What was particularly vexing, Evermore said, was that the initial legislation with $600 a week was “one of the greatest expansions of unemployment insurance in history, and it happened in a fully bipartisan way with regular negotiations.” 

Economists have credited the $600 with propping up the economy by giving more than 25 million workers enough money to pay their bills ― and they’ve said dropping the benefit could hurt the economy badly, since consumer spending amounts to 70% of gross domestic product.  

Jami Janes of Meadow Vista, California, said the extra $600 pushed her weekly unemployment payment to nearly $900, which allowed her to pay all her bills.
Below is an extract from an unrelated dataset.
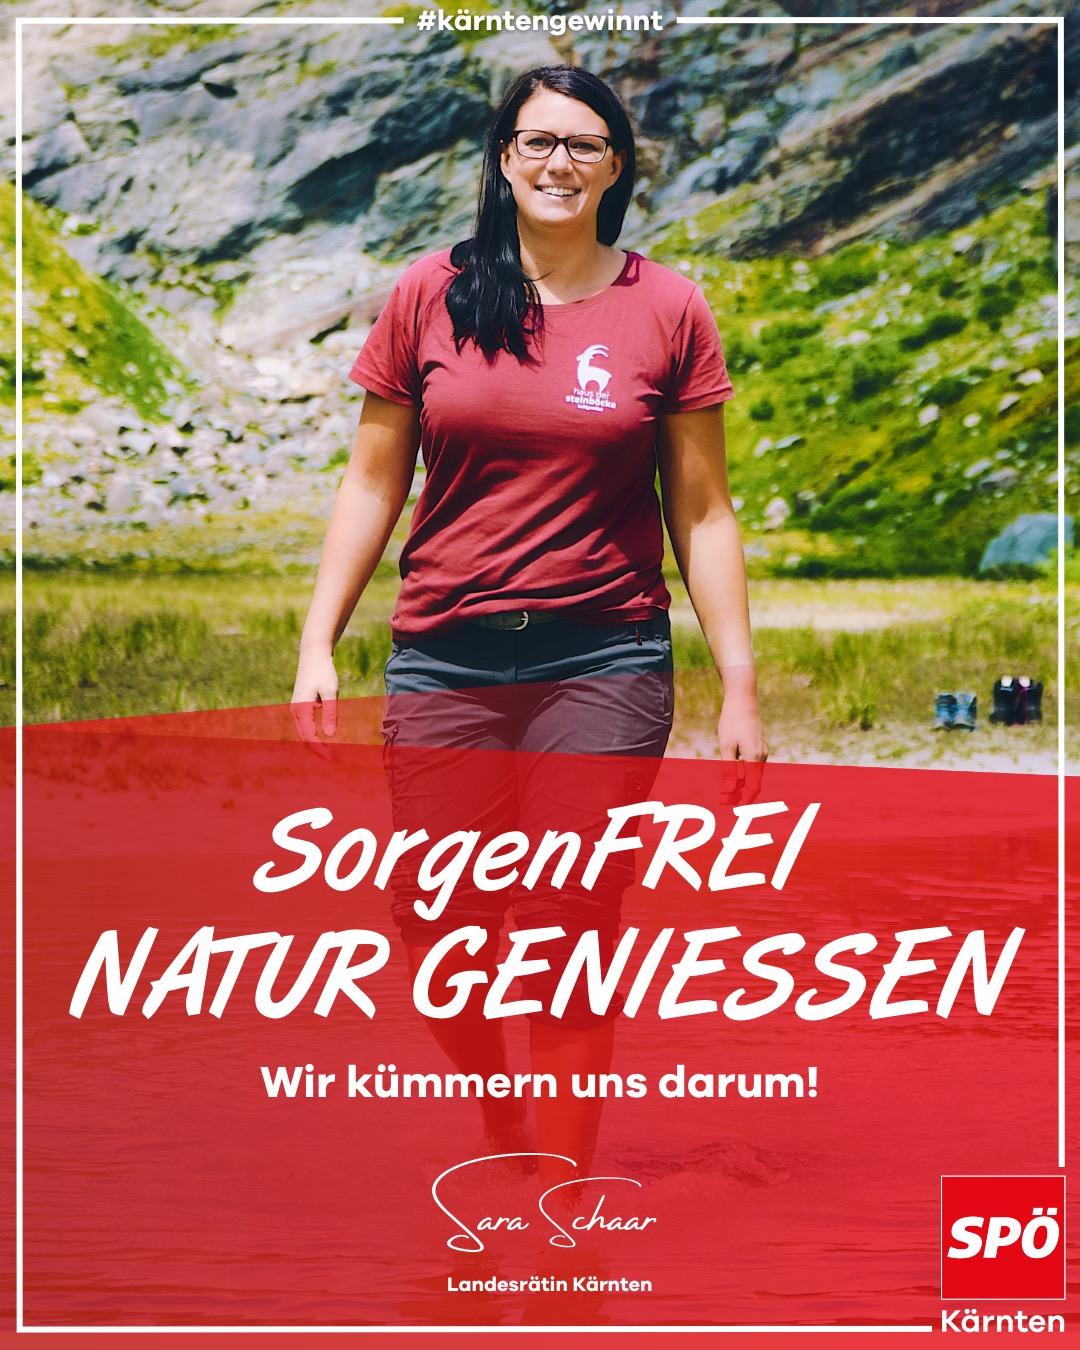 Sorgenfrei Natur geniessen - Sara Schaar

After the $600 went away, she started putting expenses on credit cards. 

“The credit card bills are piling up, and I’m not sure how I will make rent next month,” Janes said. 

She said she’s received two $300 payments from Trump’s initiative and expects one more. The program was intended to last through December, but FEMA told states they would initially receive enough money for just three weeks of payments, with additional disbursements coming on a weekly basis while the money lasts. 

Janes said she’s in a better position than many, but she’s furious with lawmakers on both sides for failing to reauthorize the benefits. Congress can’t snap its fingers and make her house safe from wildfires or reopen her son’s school, but it has already shown it can pass a bill and put money in her bank account. She thinks Pelosi ought to cut a deal. 

“It is just beyond my understanding of why, when there are so many things that cannot be fixed or solved quickly, the one thing our government could do to help immediately they have decided to have a pissing contest over,” Janes said.

“I know it’s a trillion-dollar pissing contest, but it’s a pissing contest nonetheless,” she said.